** Opening DATA BELOW block **

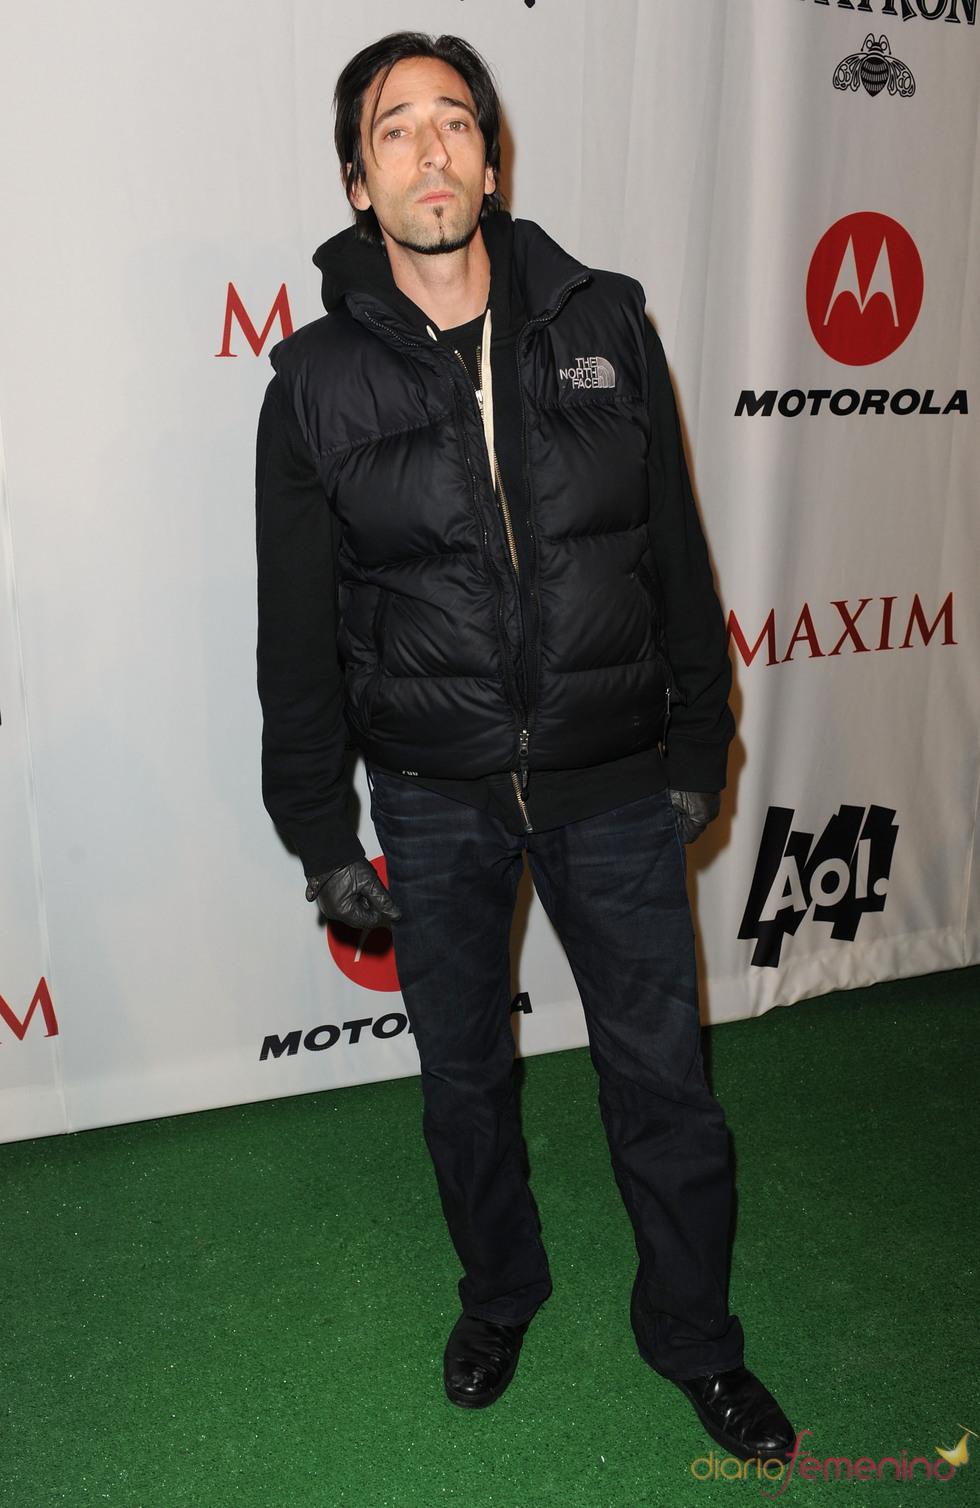 Adrien Brody no quiso perderse la fiesta previa a la Super Bowl 2011
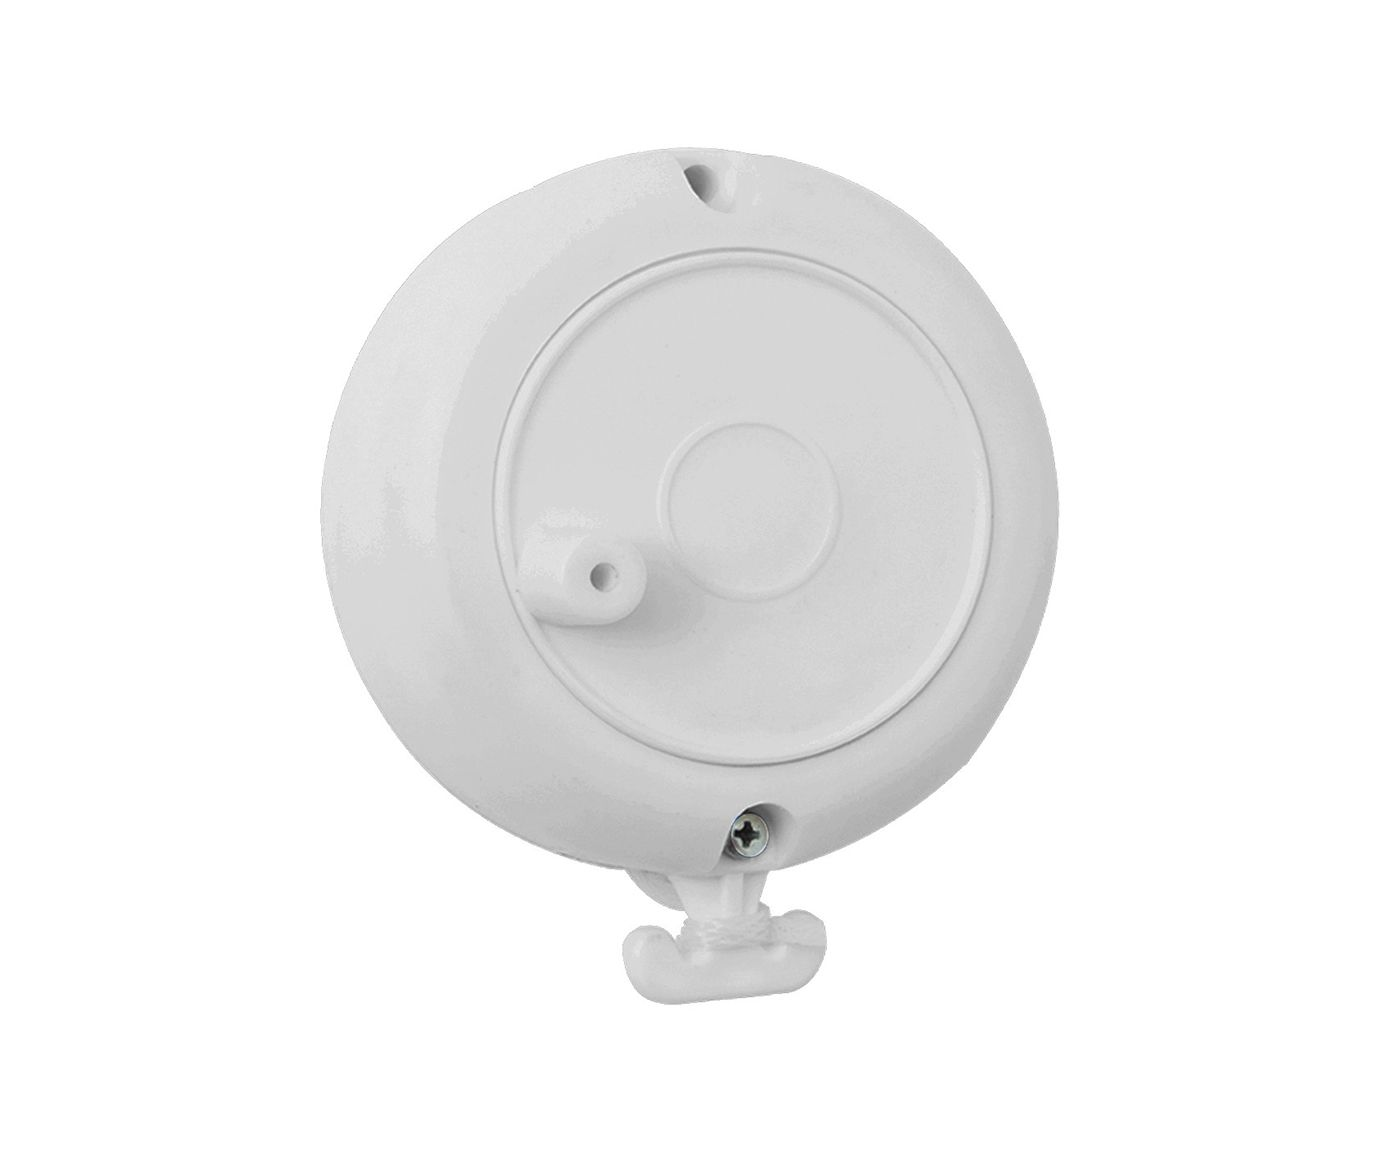 Varal Retrátil Carretilha Branco - 8X9,5X3,5cm | Westwing.com.br
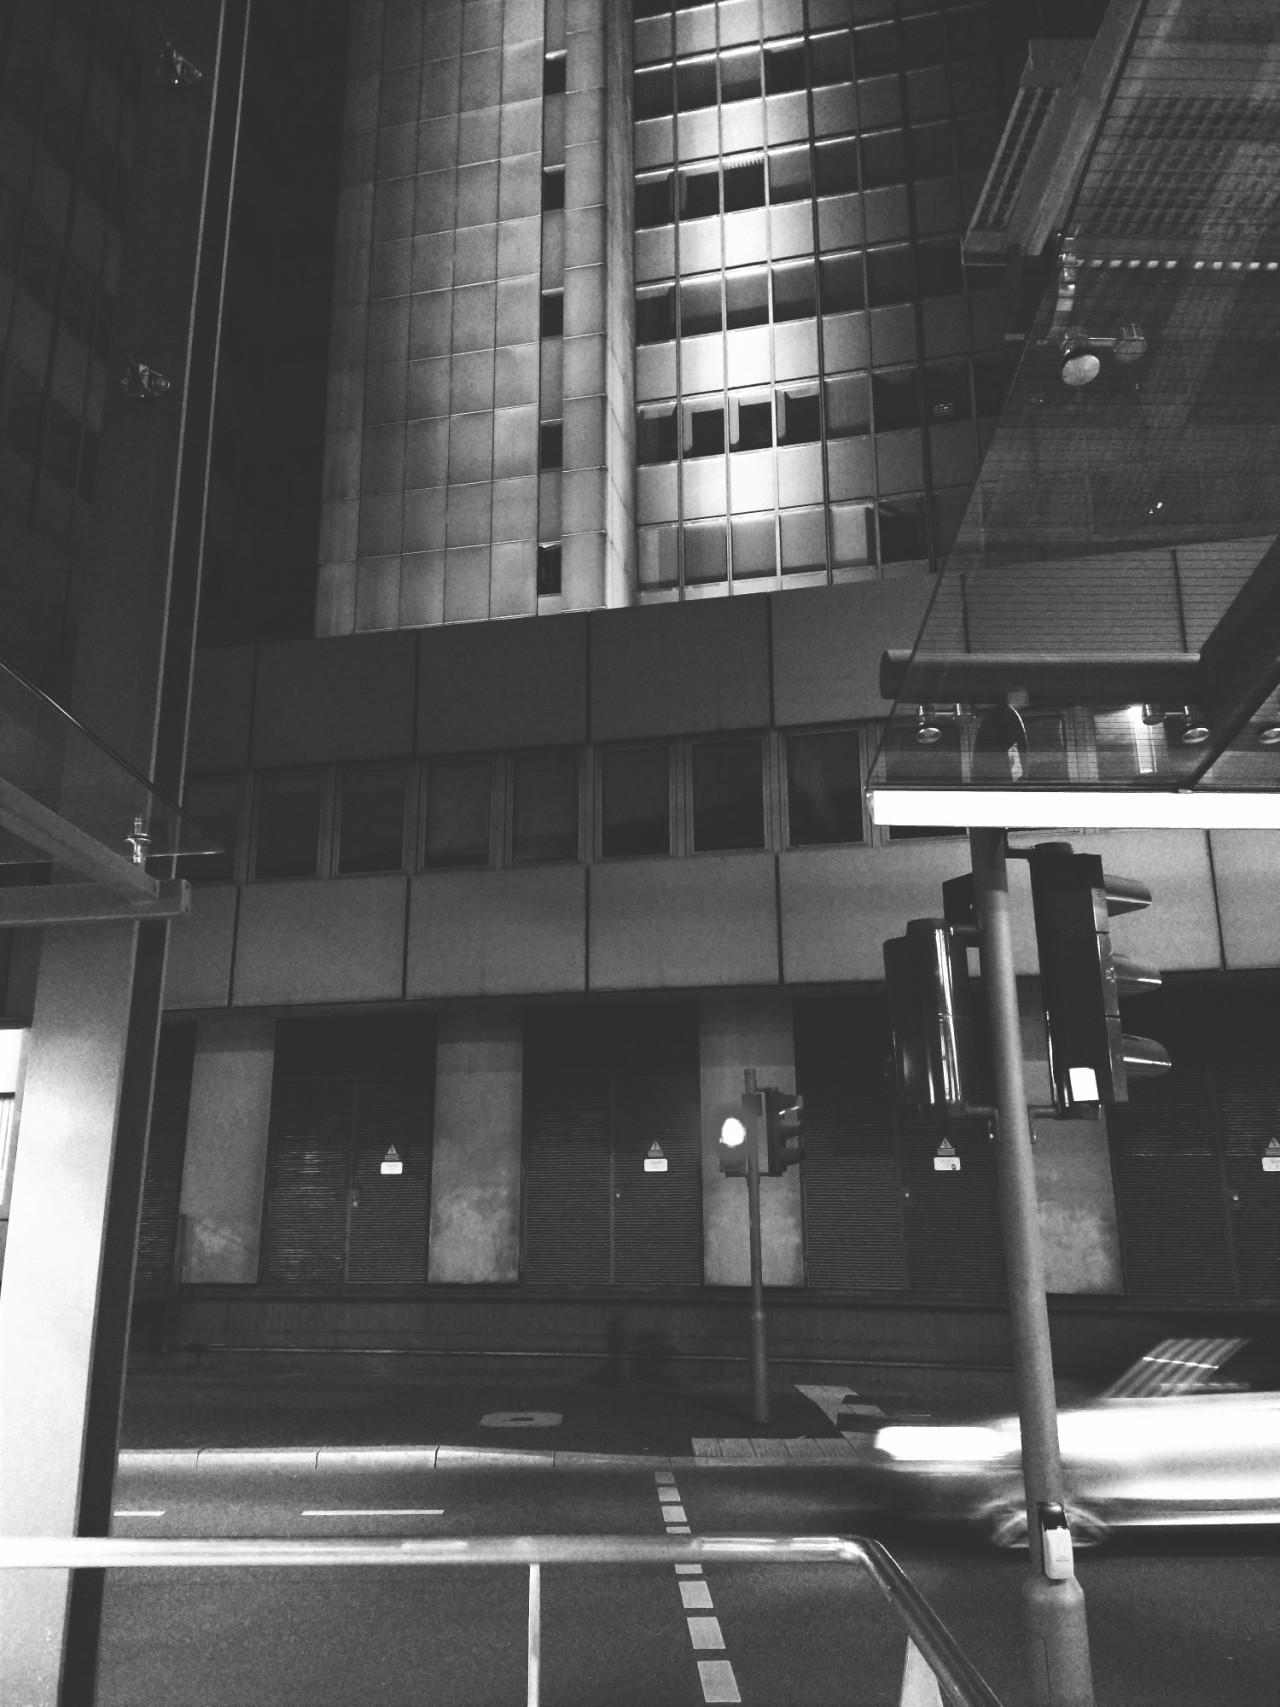 #zoom swoosh  #city #urban #citylife #night #architecture #cityhall #street #lights  #stadthaus #bonn #germany #zoom#city#urban#citylife#night#architecture#cityhall#street#lights#stadthaus#germany

** Closing DATA BELOW block **

Only the pictures are to be left out; copy all the remaining material above exactly.

 Adrien Brody no quiso perderse la fiesta previa a la Super Bowl 2011
 Varal Retrátil Carretilha Branco - 8X9,5X3,5cm | Westwing.com.br
 #zoom swoosh  #city #urban #citylife #night #architecture #cityhall #street #lights  #stadthaus #bonn #germany #zoom#city#urban#citylife#night#architecture#cityhall#street#lights#stadthaus#germany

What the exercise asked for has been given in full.